- _TASK PROMPT_
Retype word for word the stretch of entries below from the line that has "Images Restaurant Calvari Corner" through the line that has "Купить велосипед улан.", and omit the pictures.

#### DATA FOR PROCESSING

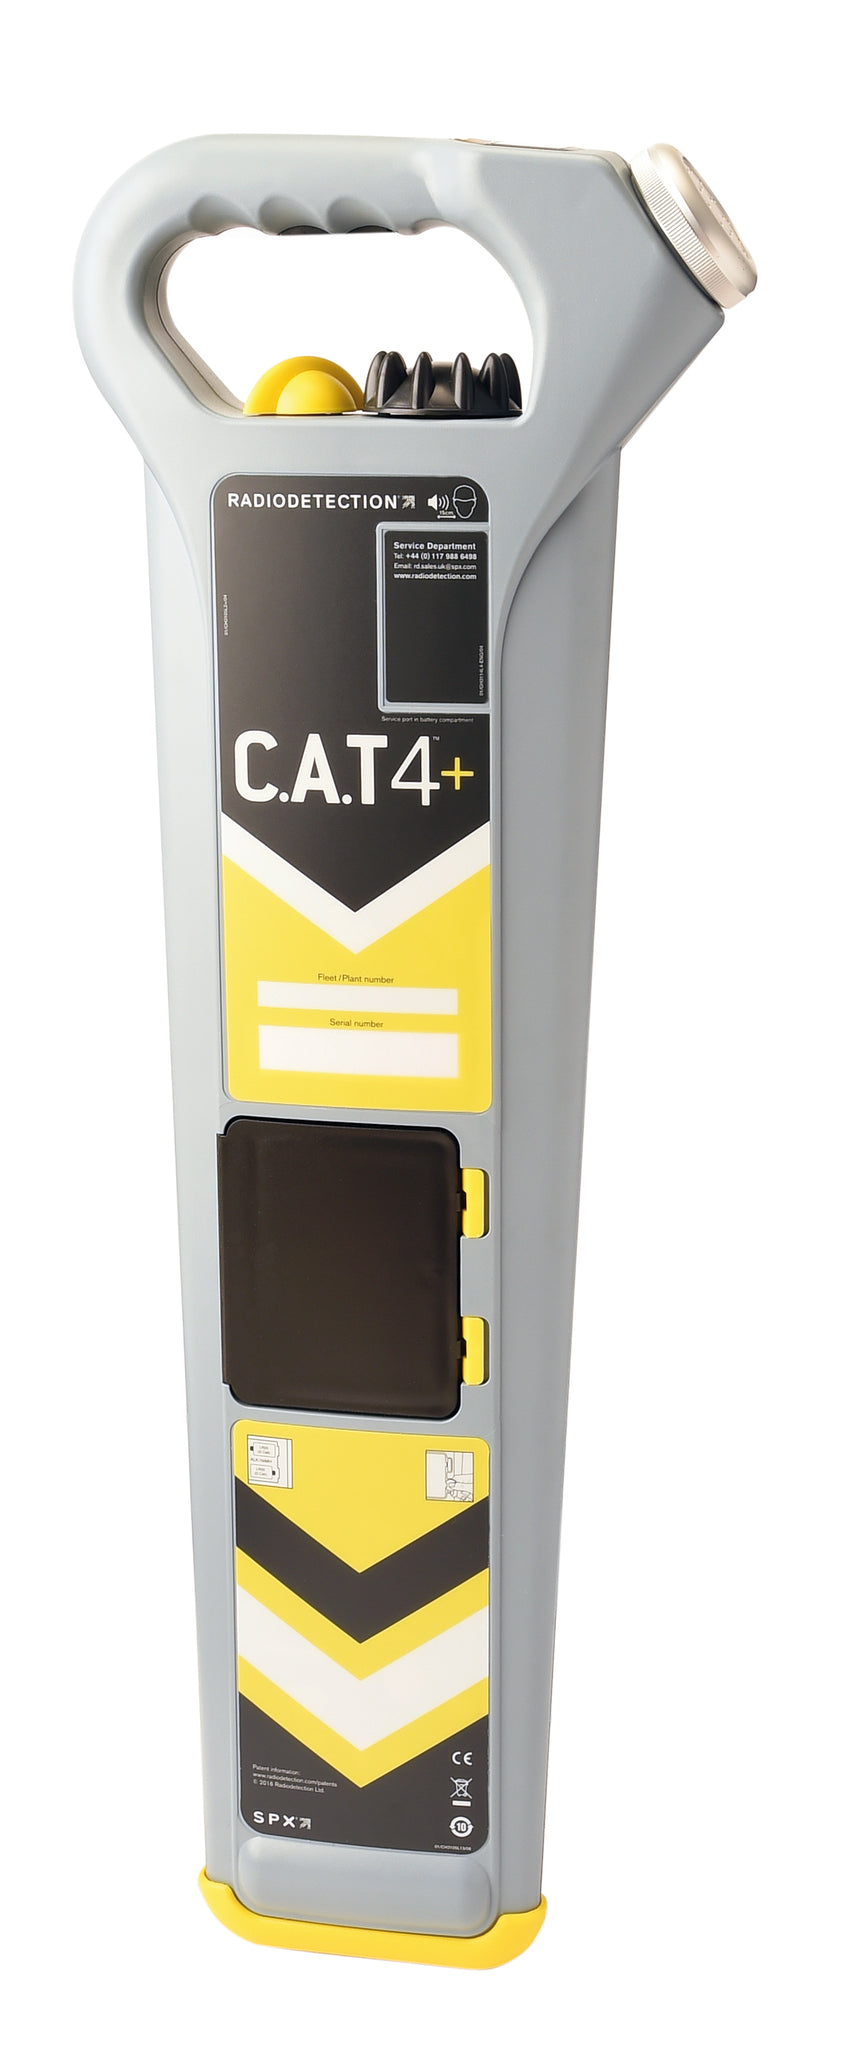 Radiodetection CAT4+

########
#### DATA FOR PROCESSING

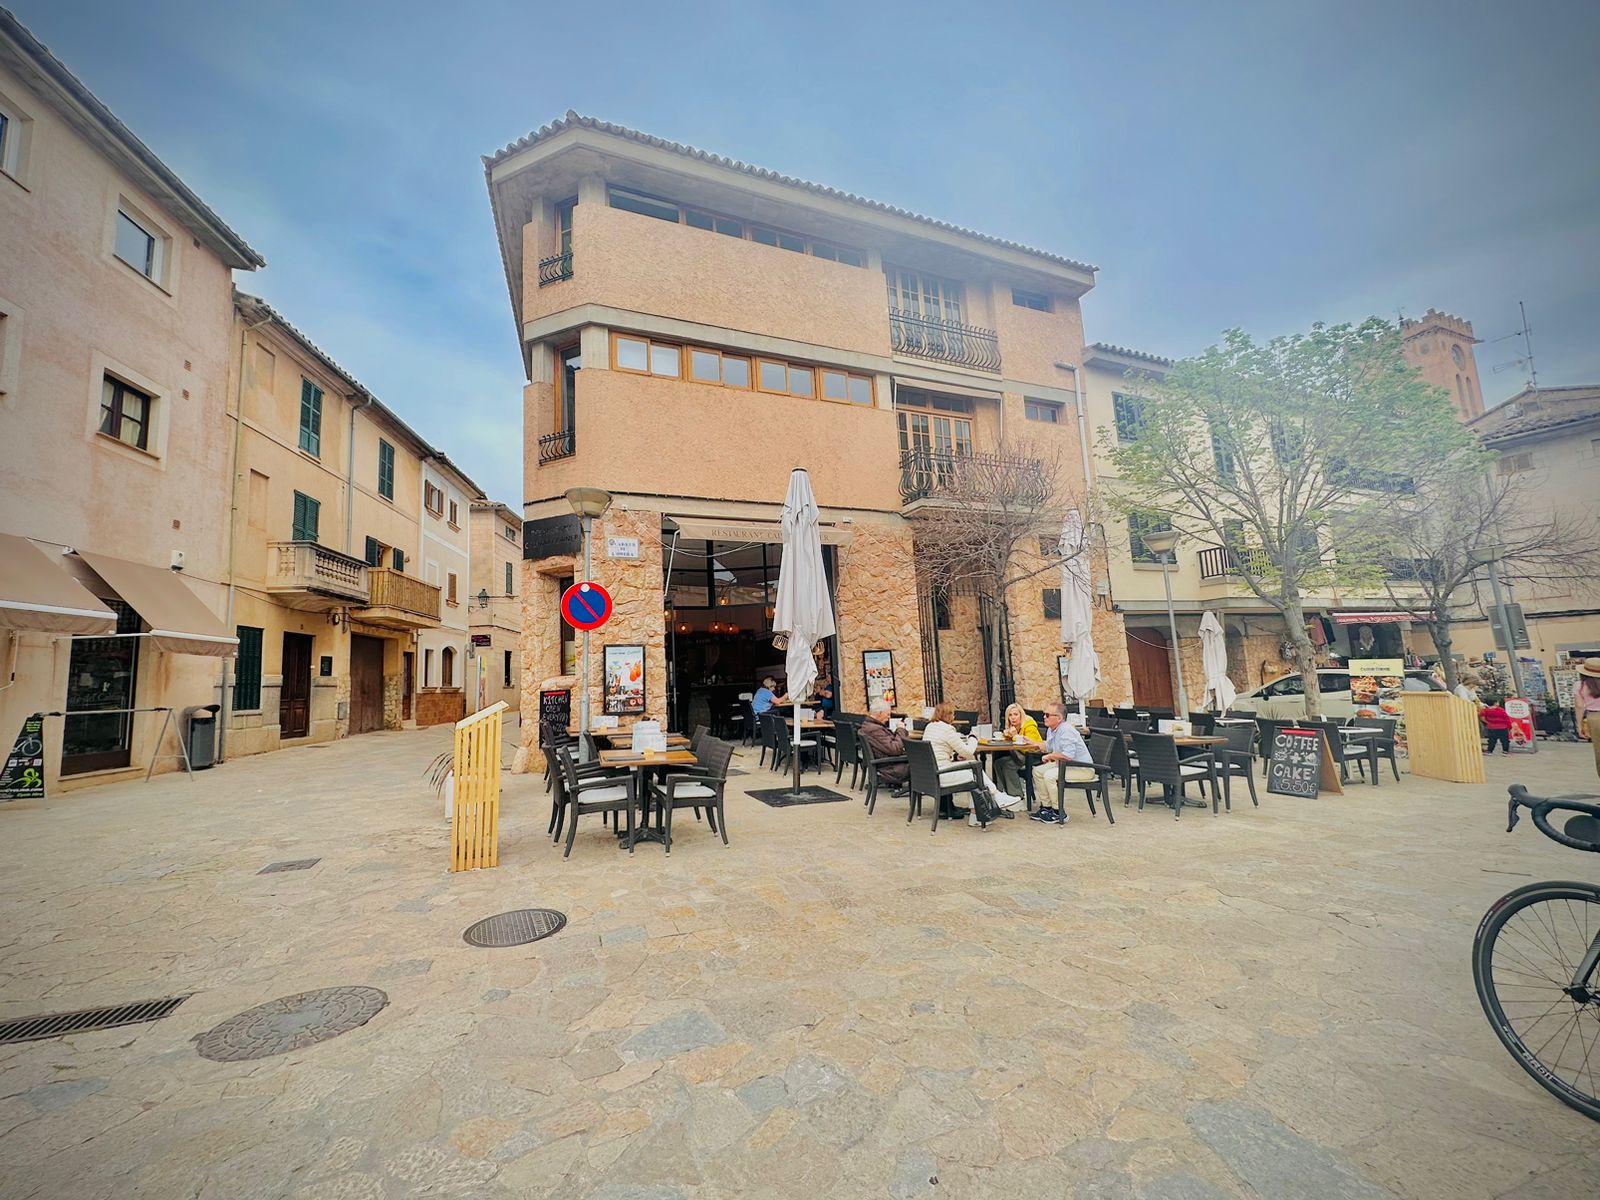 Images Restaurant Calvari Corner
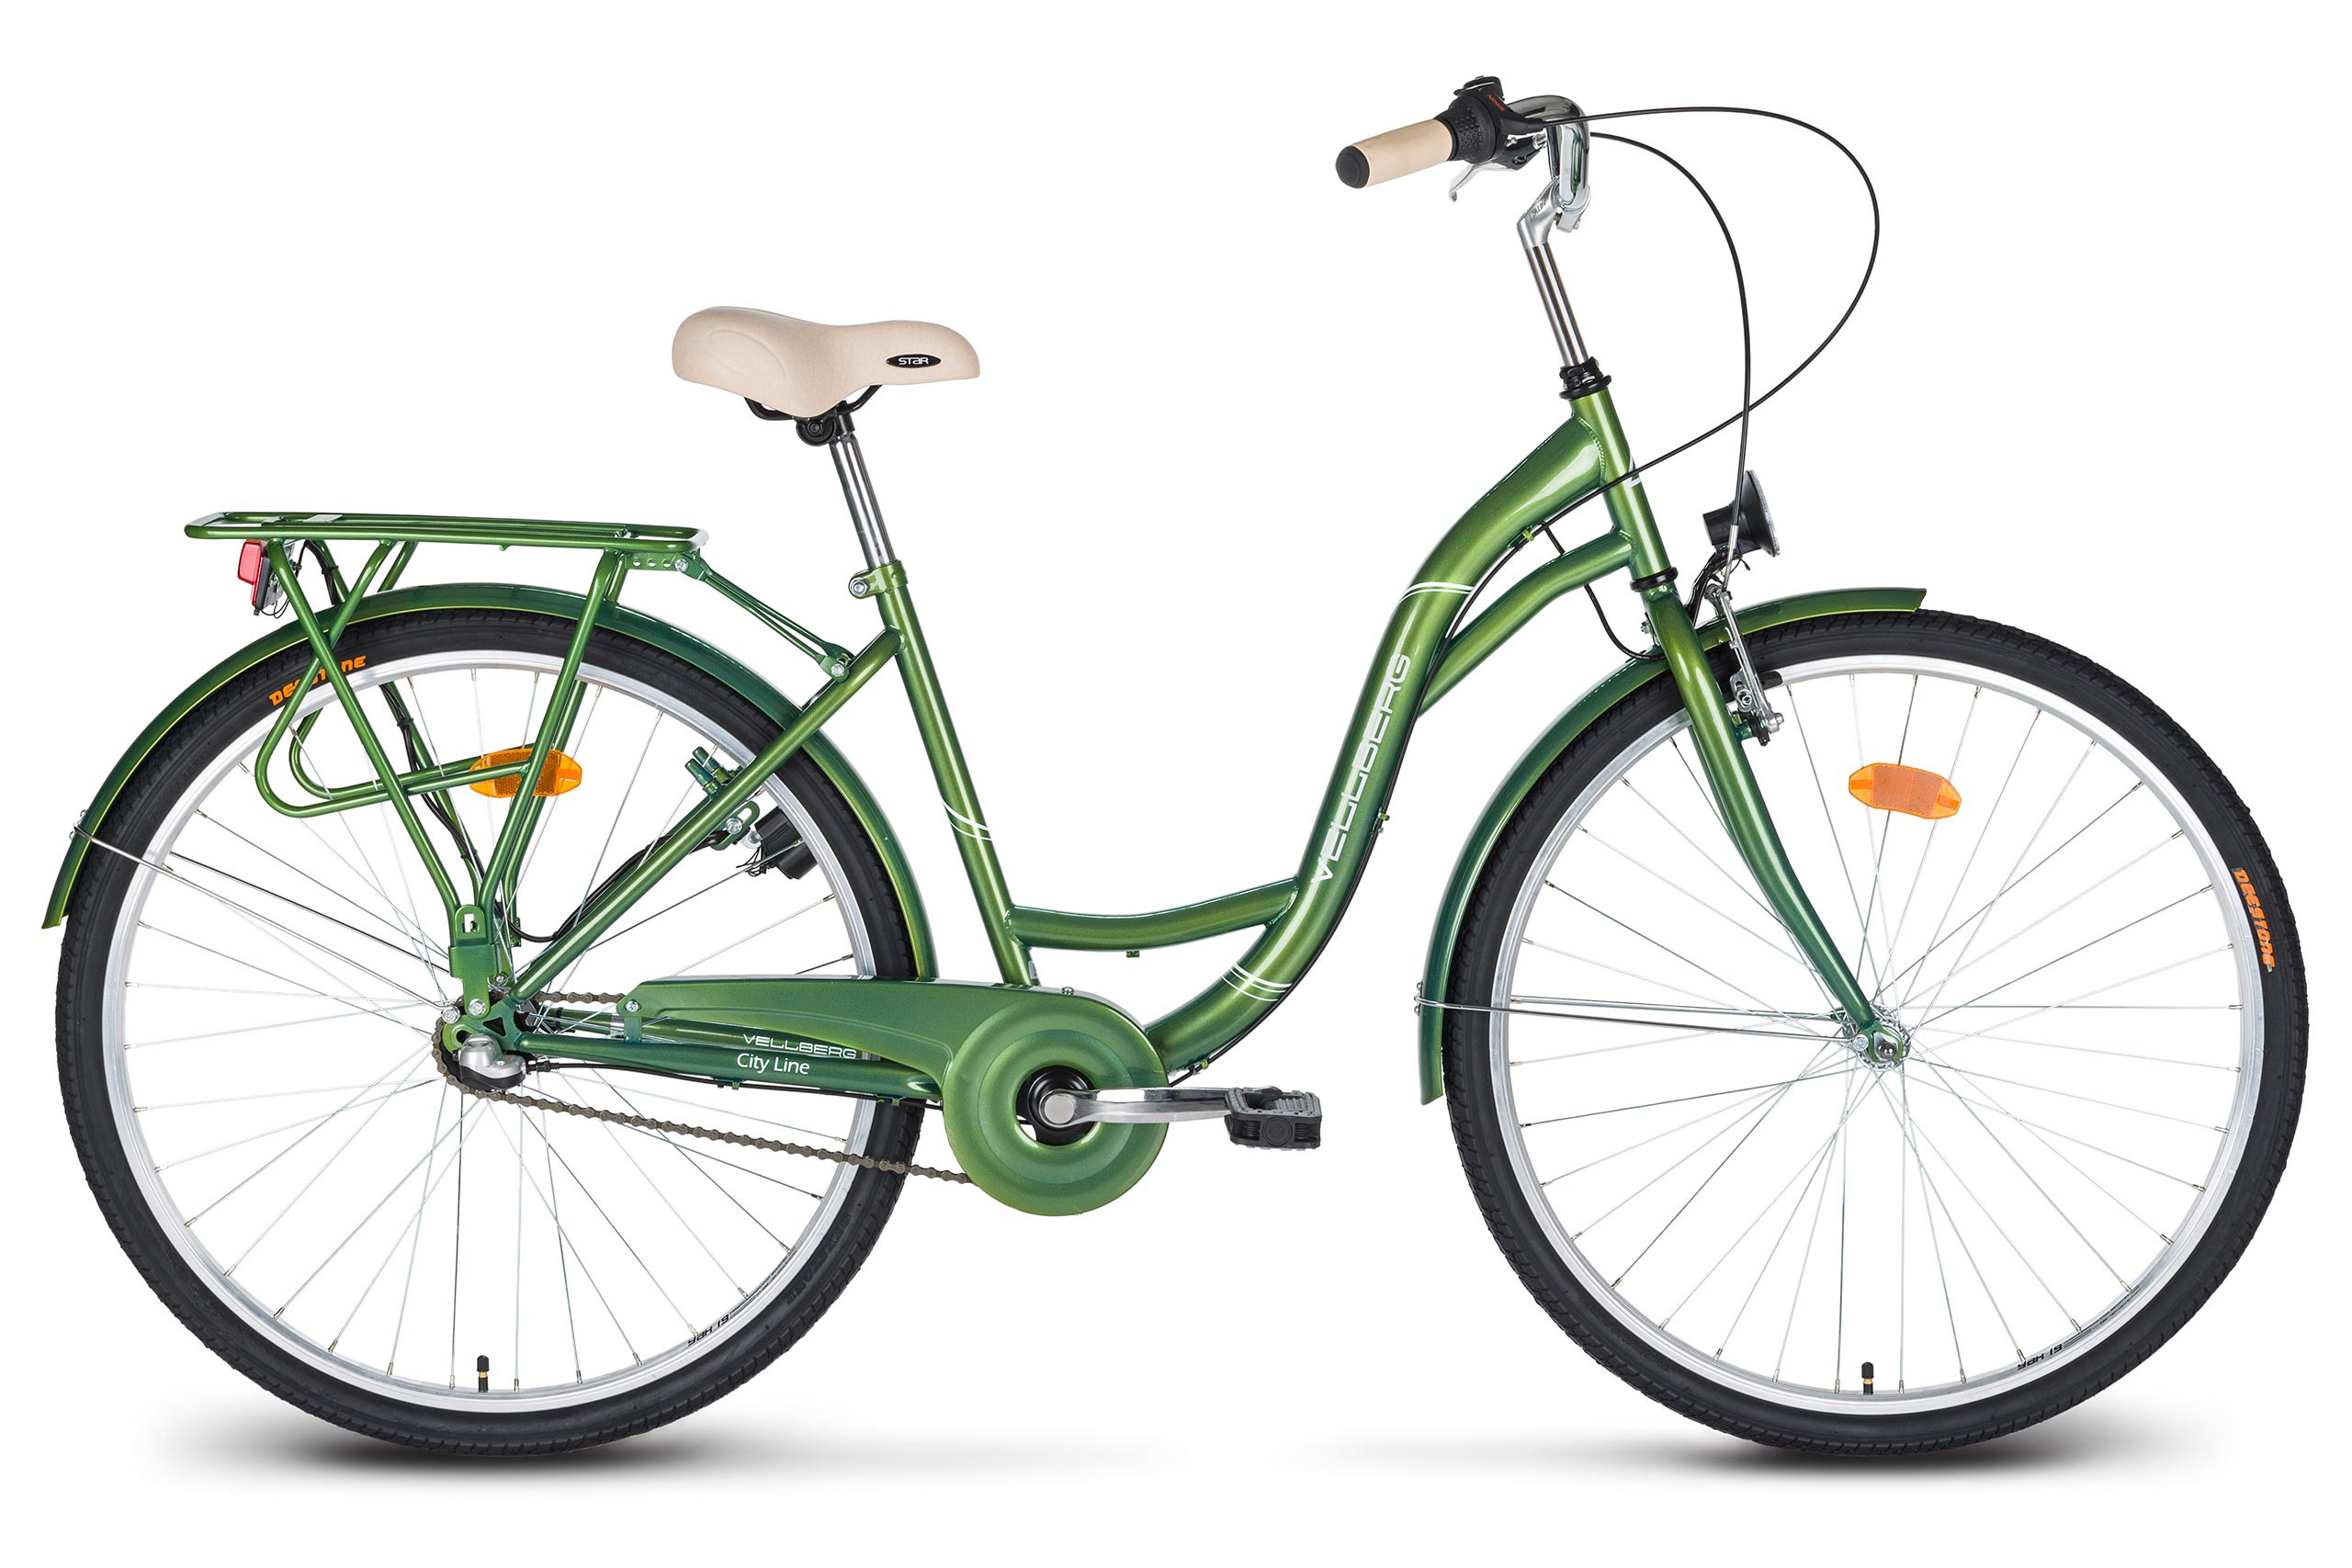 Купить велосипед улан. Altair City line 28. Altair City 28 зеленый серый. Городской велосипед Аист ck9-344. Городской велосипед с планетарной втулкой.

########

- _TASK RESULT_
 Images Restaurant Calvari Corner
 Купить велосипед улан. Altair City line 28. Altair City 28 зеленый серый. Городской велосипед Аист ck9-344. Городской велосипед с планетарной втулкой.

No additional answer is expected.